Когда в Нью-Вае строили новую Епископальную церковь (смотри примечание к строке 549), бульдозеры пощадили череду этих священных дерев, высаженных в кампусе в конце так называемой Шекспировой аллеи гениальным ландшафтным архитектором (Репбургом). Не знаю, существенно это или нет, но во второй строке наличествует игра в кошки-мышки, а «дерево» по-земблянски — «grados» .

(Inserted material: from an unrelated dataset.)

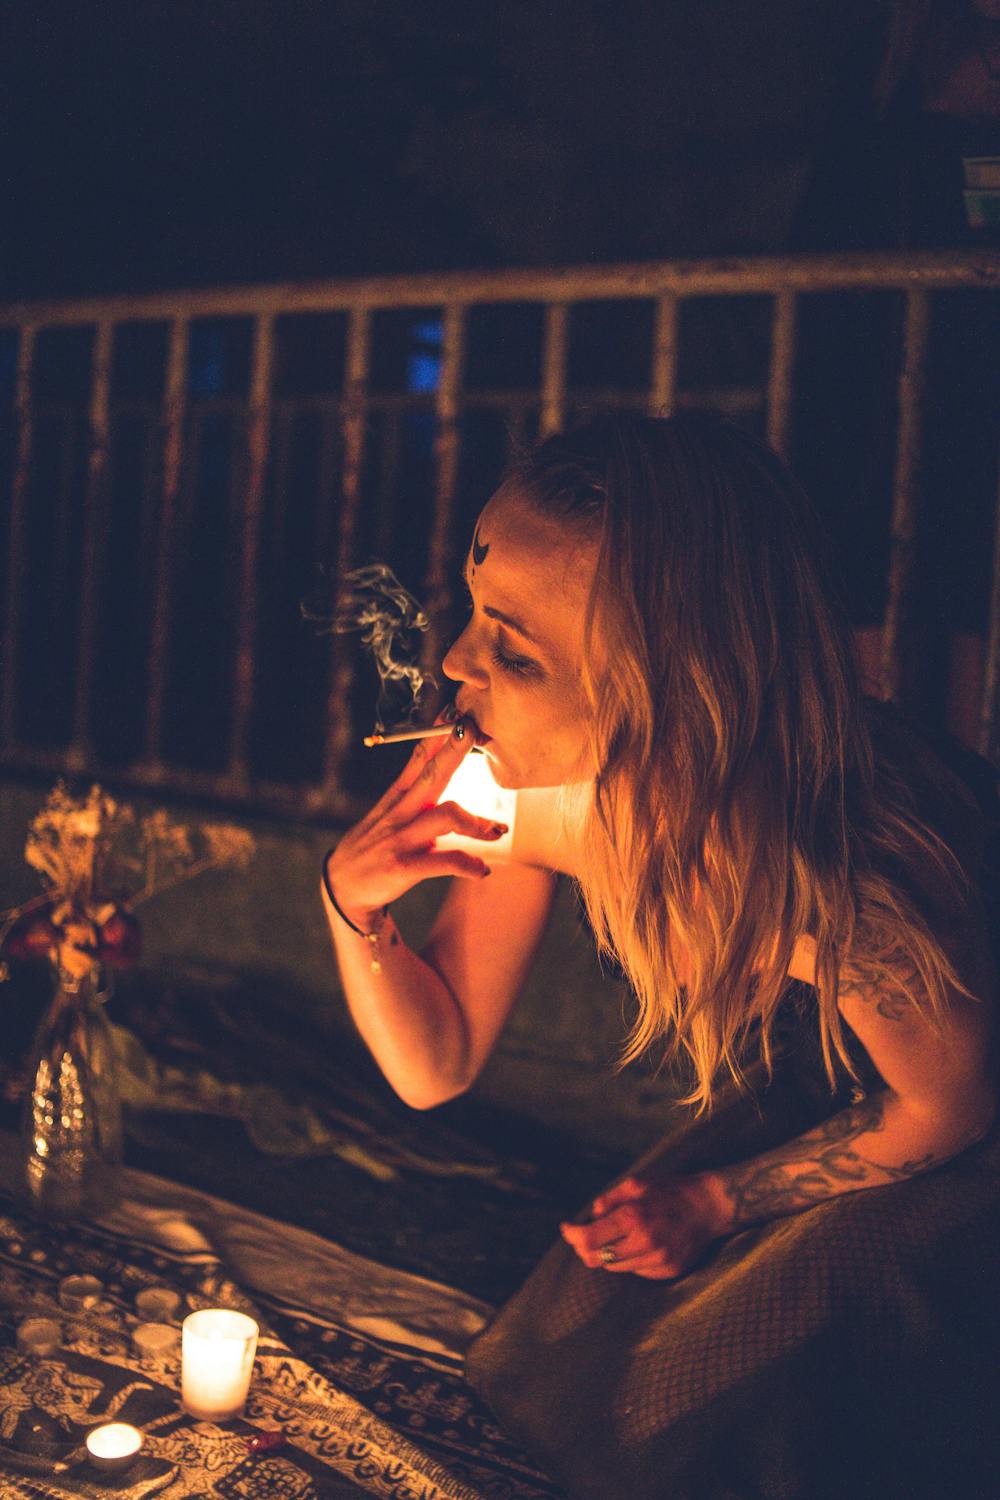 Woman smoking among candles in night · Free Stock Photo

Строка 57: Качелей дочкиных колышется фантом
В черновике Шейд легонько перечеркнул следующие за этим строки:
Длинна у лампы шея, свет лучист,
Ключи во всех дверях. Строитель-прогрессист
И психоаналитик договор
Скрепили в наши дни: да ни один запор
Не осквернит дверей отцовской спальни
И материнской тож, чтоб, ныне беспечальный,
Грядущих знахарей грядущий пациент,
Назад оборотясь, отыскивал в момент
«Исконной» именуемую сцену.
Строка 61: Антенны скрепка
Автор во всех прочих отношениях пустого и несколько глуповатого некролога, упоминаемого мною в заметках к строкам 71–72, цитирует найденное в рукописи стихотворение (полученное от Сибил Шейд), о котором говорится, что оно было «создано поэтом, по всей видимости, в конце июня, а значит менее чем за месяц до кончины поэта, и значит является последним из мелких произведений, написанных нашим поэтом».
Вот это стихотворение:
Качели
Закатный блеск, края огромных скрепок
Телеантенн воспламенивший слепо
На крыше;
И ручки тень дверной, лежащей, удлинясь
Бейсбольной битою, в вечерний час
На двери;
И кардинал, что вечером сидит,
Твердя свое «чу-дит, чу-дит, чу-дит»,
На древе;
И брошенных качелей жалкий вид
Под деревом; вот что меня томит
Невыносимо.
Я оставляю за читателем моего поэта право судить, возможно ли, чтобы он написал эту миниатюру всего за несколько дней до того, как повторить ее темы в настоящей части своей поэмы. Я подозреваю, что мы имеем здесь раннюю попытку (год не выставлен, но можно датировать ее временем, близким к кончине дочери), которую Шейд откопал среди старых бумаг, отыскивая что-либо, пригодное для «Бледного пламени» (поэмы, неведомой нашему некрологисту).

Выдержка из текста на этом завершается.